A mesa reaching a predetermined depth of the nP multiplication layer 5 is formed, and then an n-type 1nP guard ring layer is selectively grown in the portion removed to form the mesa, and then a diffusion method, ion implantation method, etc. A p+ type optical region is formed by applying an appropriate technique.

Thereafter, a protective film and electrodes are formed using conventional techniques to complete the process.

〔Effect of the invention〕

In the semiconductor light-receiving device according to the present invention, there is provided a multiplication layer of opposite conductivity type formed immediately below the light-receiving region of conductivity type and having a predetermined energy hand gap, and an energy band gap in the multiplication layer of opposite conductivity type. It has a structure including a multiplication region formed by laminating multiplication layers of opposite conductivity type each having a smaller size.

Because of this structure, even if noise reduction is achieved by reducing the impurity concentration of the InP layer that forms part of the multiplication region and lowering the electric field at the pn junction, the InP Ga has a smaller energy band gap than the Ga layer.
Since the breakdown voltage can be maintained low due to the presence of the lnAsP layer, a good guard ring effect can be achieved, and the semiconductor photodetector always operates normally. In addition, even without reducing the impurity concentration of the InP layer to lower the electric field at the pn junction, the effective multiplication region is thicker than that of the conventional one, so it can be used naturally. Generatively, the pn junction can have a low electric field and thus low noise.

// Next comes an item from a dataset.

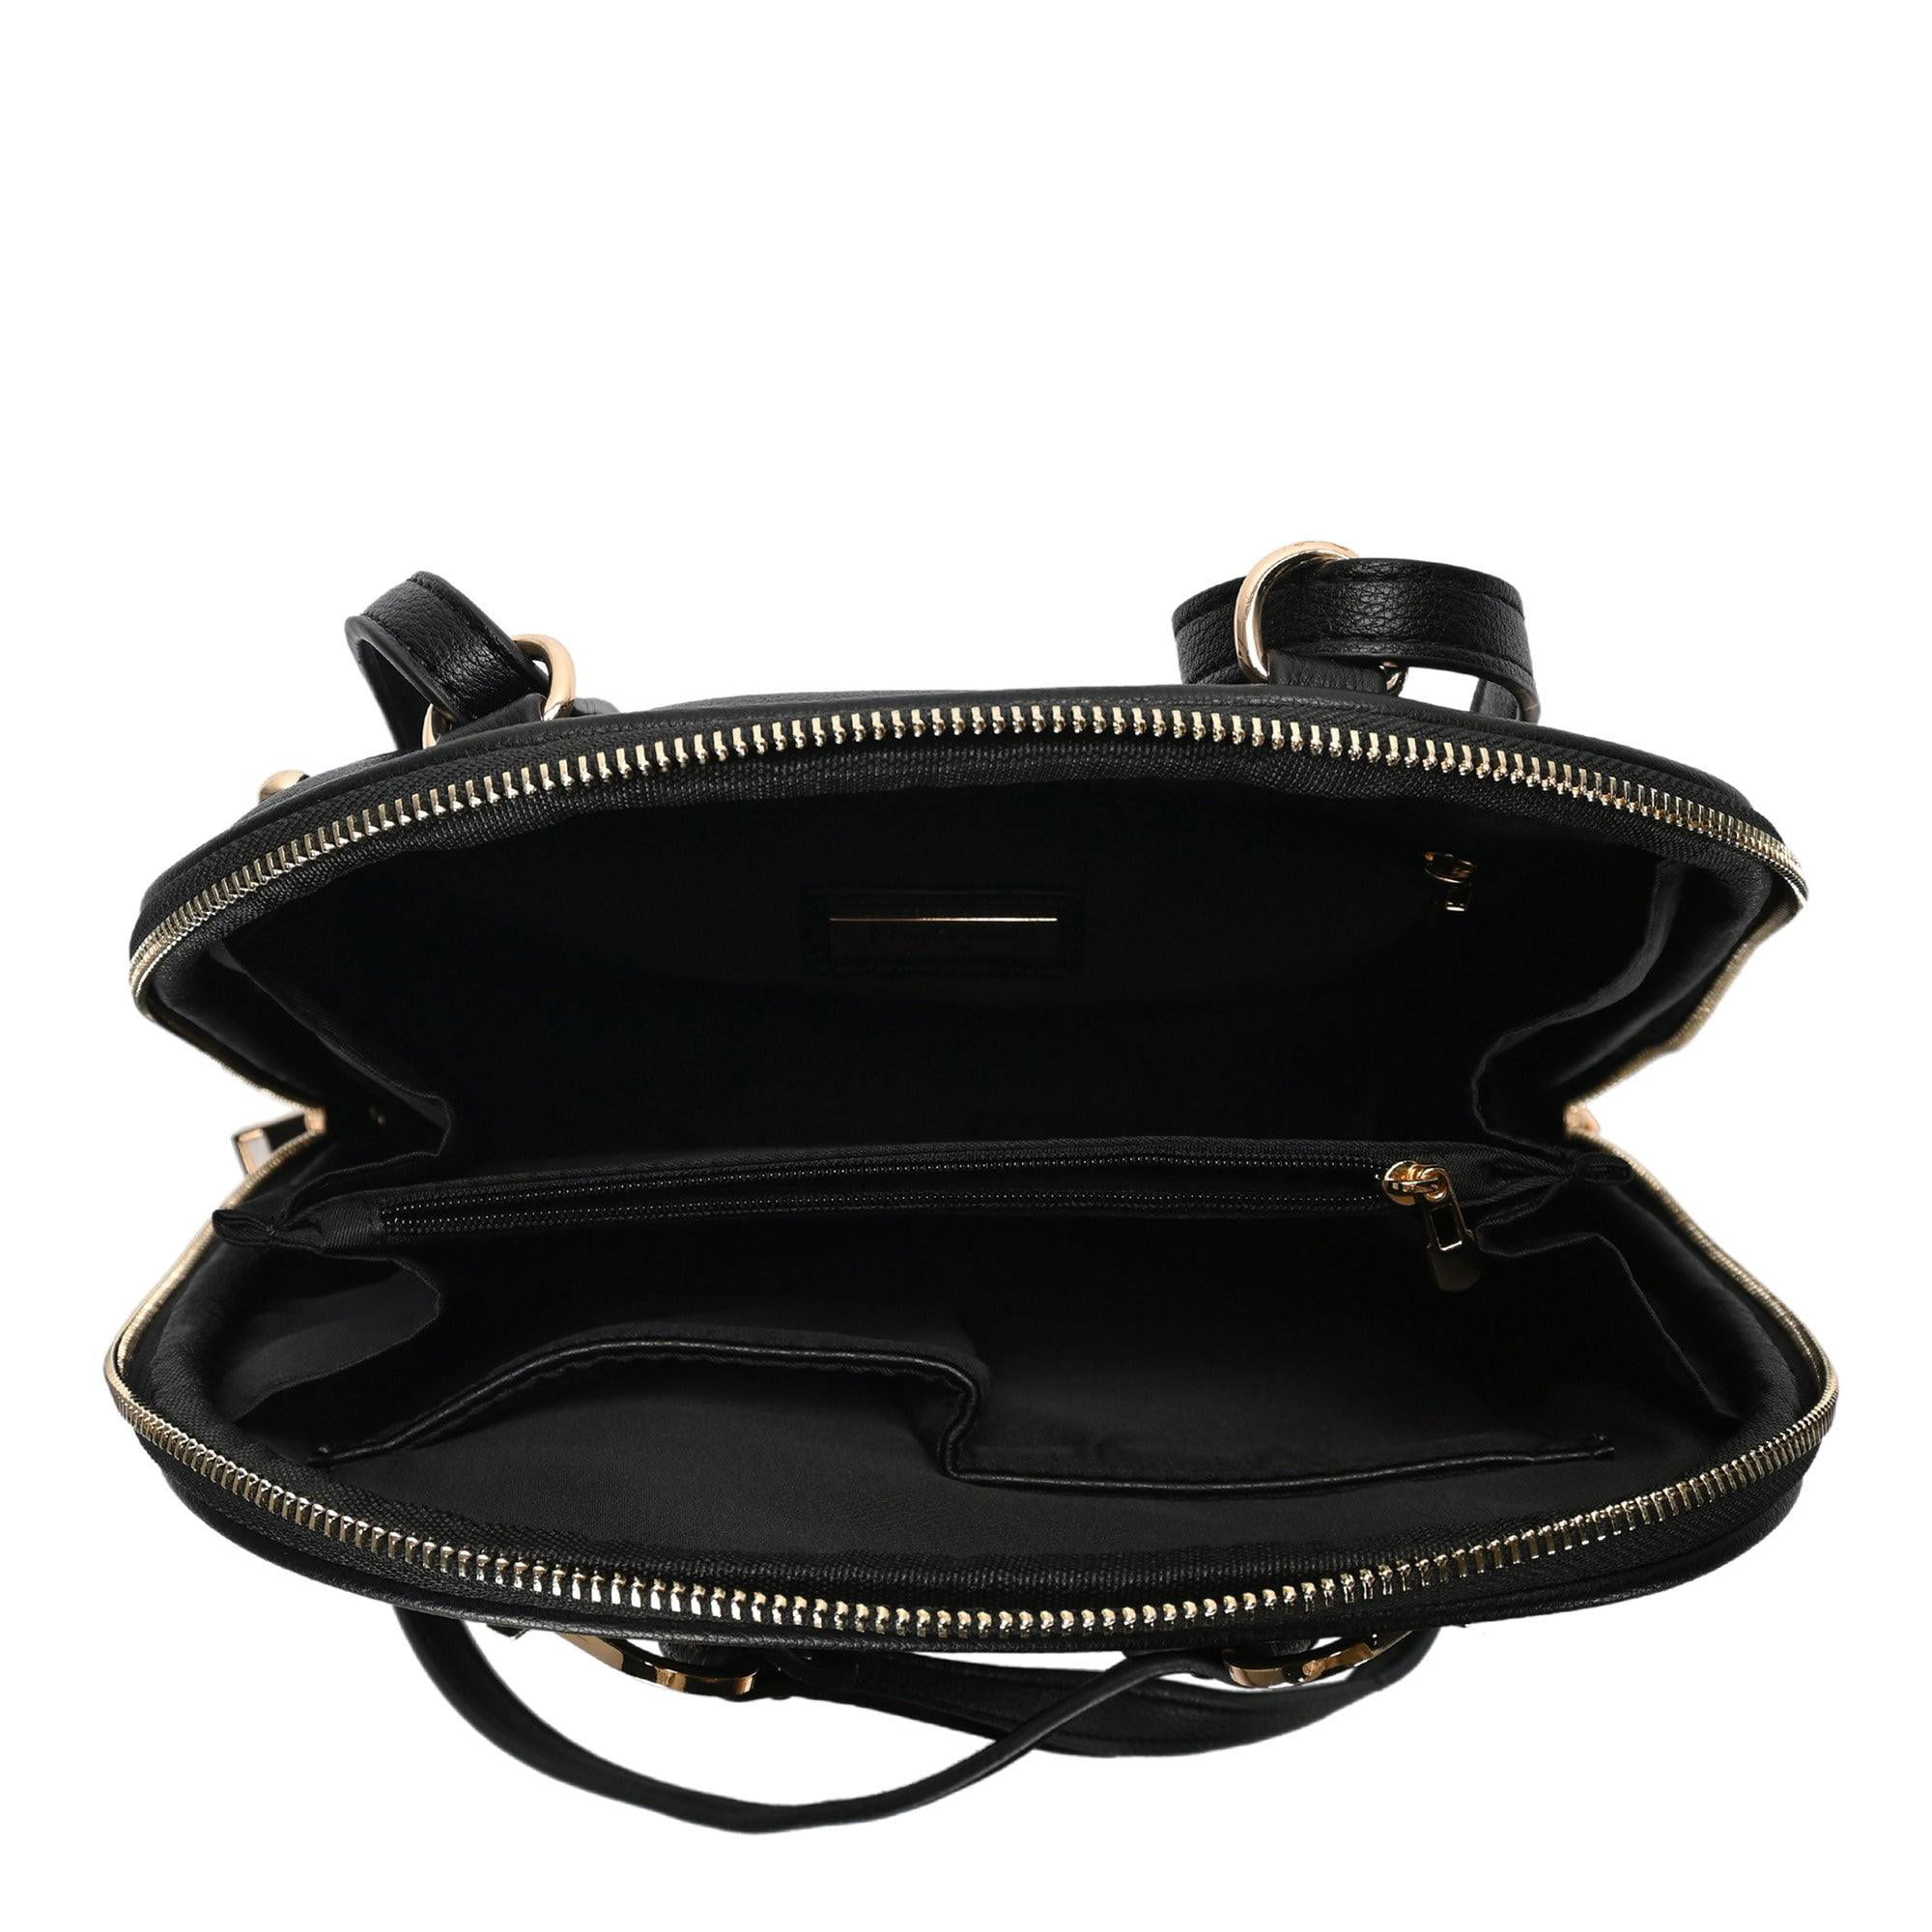 Buy the Miztique Tan Daisy Cork Convertible Small Backpack Bag

[Brief explanation of drawings]

FIG. 1 is a cross-sectional side view of essential parts of an embodiment of the present invention, FIG. 2 is a diagram showing the relationship between excess noise coefficient and multiplication factor of the semiconductor photodetector shown in FIG. 1, and FIG. Fig. 1 is a diagram showing the relationship between the device breakdown voltage and the impurity concentration in the multiplication region of the semiconductor photodetector, and Fig. 4 is a cross-sectional side view of the main part of the conventional example. Type rnP substrate, 2 is n-type InP buffer layer, 3 is energy hand gap 0.7
(eV), an n-type GaInAs light absorption layer,
4 is an n-type GaInAs light absorption layer with an energy hand gap of 0.9 (eV), 5 is an n-type 1
nP multiplication layer, 6 is n-type InP guard ring layer, 7 is p
" type light-receiving area, 8 indicates an n-type Ga1nAsP multiplication layer, and hν indicates incident light. Patent applicant: Fujitsu Ltd. Representative Patent Attorney Akira Utoya Representative Patent Attorney Hiroshi Watanabe - Figure 1 Figure 2 Multiplication factor M

Claims (1)

[Claims] An opposite conductivity type multiplication layer formed directly under one conductivity type light-receiving region and having a predetermined energy band gap, and an opposite conductivity type multiplication layer having an energy band gap smaller than that of the opposite conductivity type multiplication layer. A semiconductor light-receiving device characterized by having a multiplication region formed by stacking double layers.